Mail Archives: djgpp/1994/08/25/16:57:46
> Forgive me a perhaps stupid question, but how can we expect stat() under
> DOS to know about TZ? For this to work, the OS itself should know about
> TZ and it should store files' timestamps in GMT, am I right here? If I am,
> then this can't be made right with DOS, which always works in *local time*.
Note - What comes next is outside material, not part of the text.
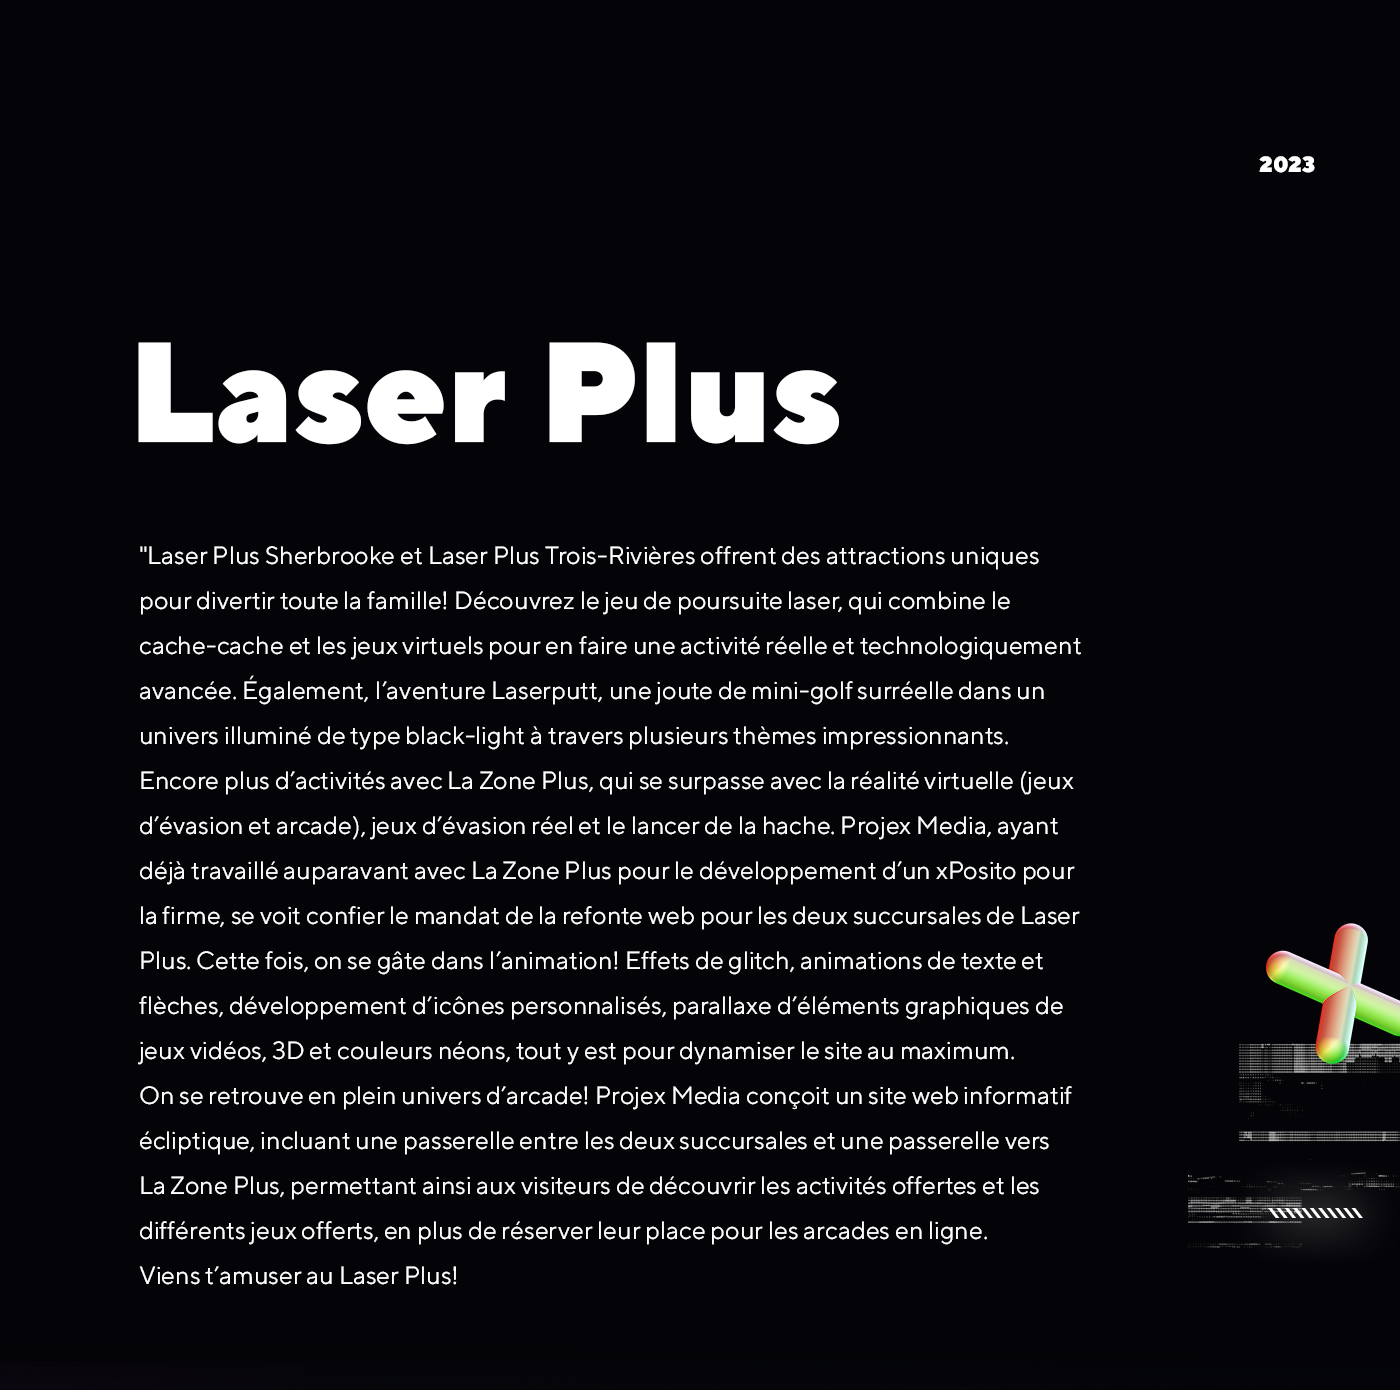 Laser Plus Sherbrooke et Trois-Rivières / 2023 - Réalisation signée Projex Media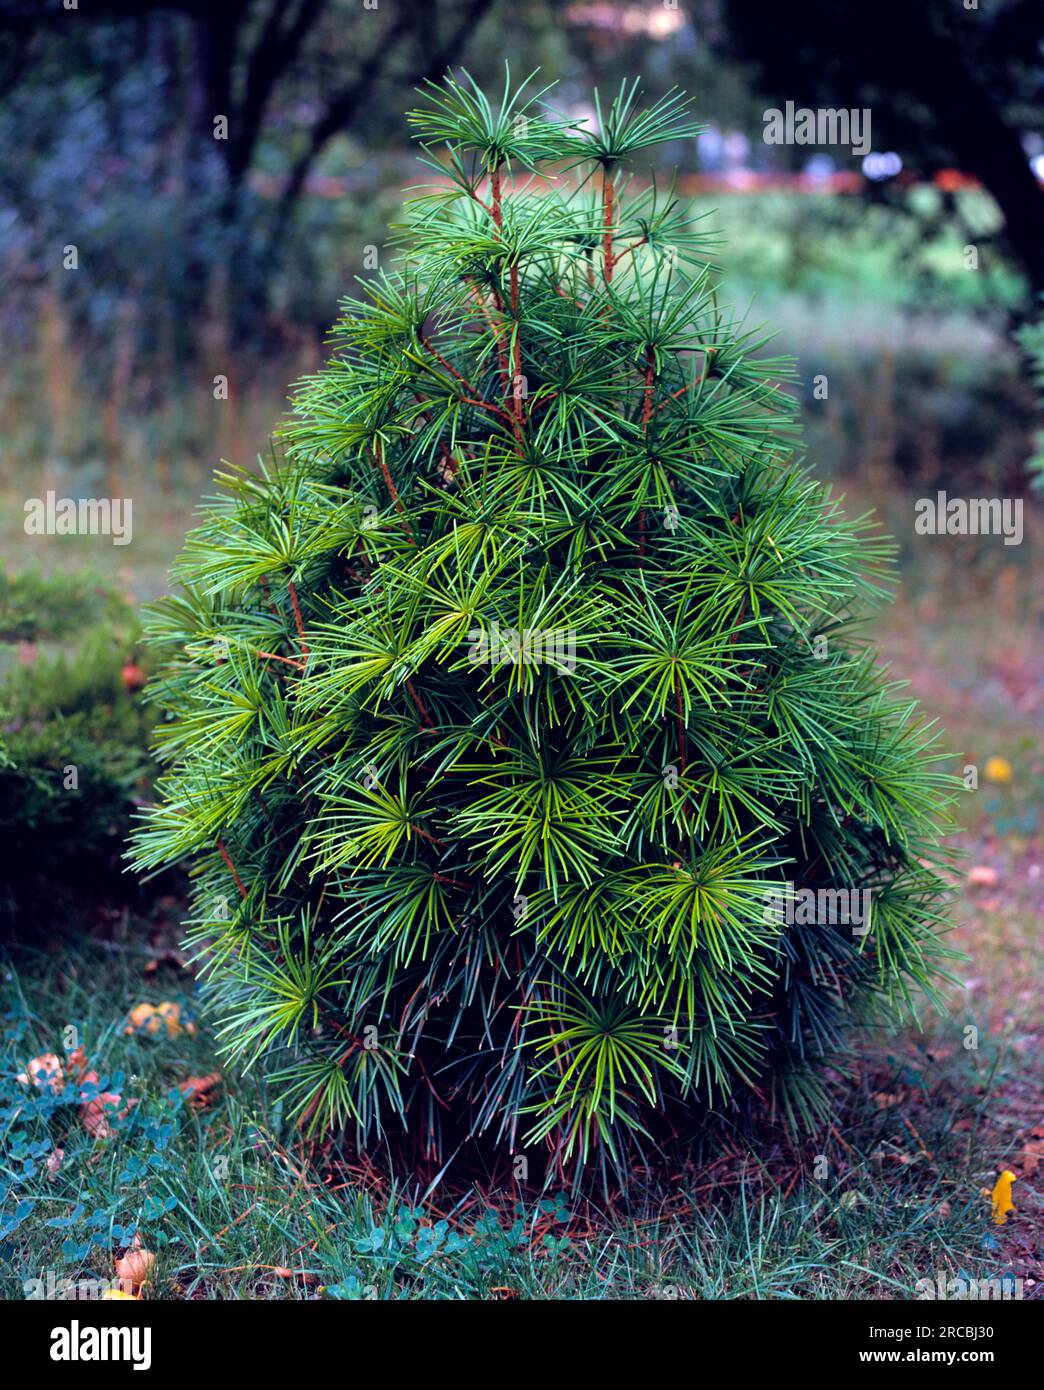 Japanese umbrella fir (Sciadopytis verticillata) Stock Photo

stat() is a library function, not an OS call. The OS only knows about
local time, as you correctly noted--in particular, the year, month, day,
hours, minutes and seconds (to the nearest even number); the year is an
offset from 1980.
stat(), on the other hand, returns Unix-style times--that is, absolute
seconds since 1 Jan 1970 *GMT*. Therefore stat() must know about time-
zones in order to convert between the local time of the actual DOS time-
stamp and the GMT stat() values (st_mtime, st_ctime, etc.). The obvious
way to do this is to call tzset(), etc., internally. Note that all DOS
and OS/2 compilers I've investigated, either personally or secondhand,
do handle this correctly, with the exception of djgpp--MSC, Borland, IBM,
emx+gcc, Watcom, etc.
> And while on this point, does anyone know where can I found the definition
> of how stat() should use TZ? Some POSIX paper, maybe? Any site which
> offers such a definition by anon ftp?
I would also be interested in such information.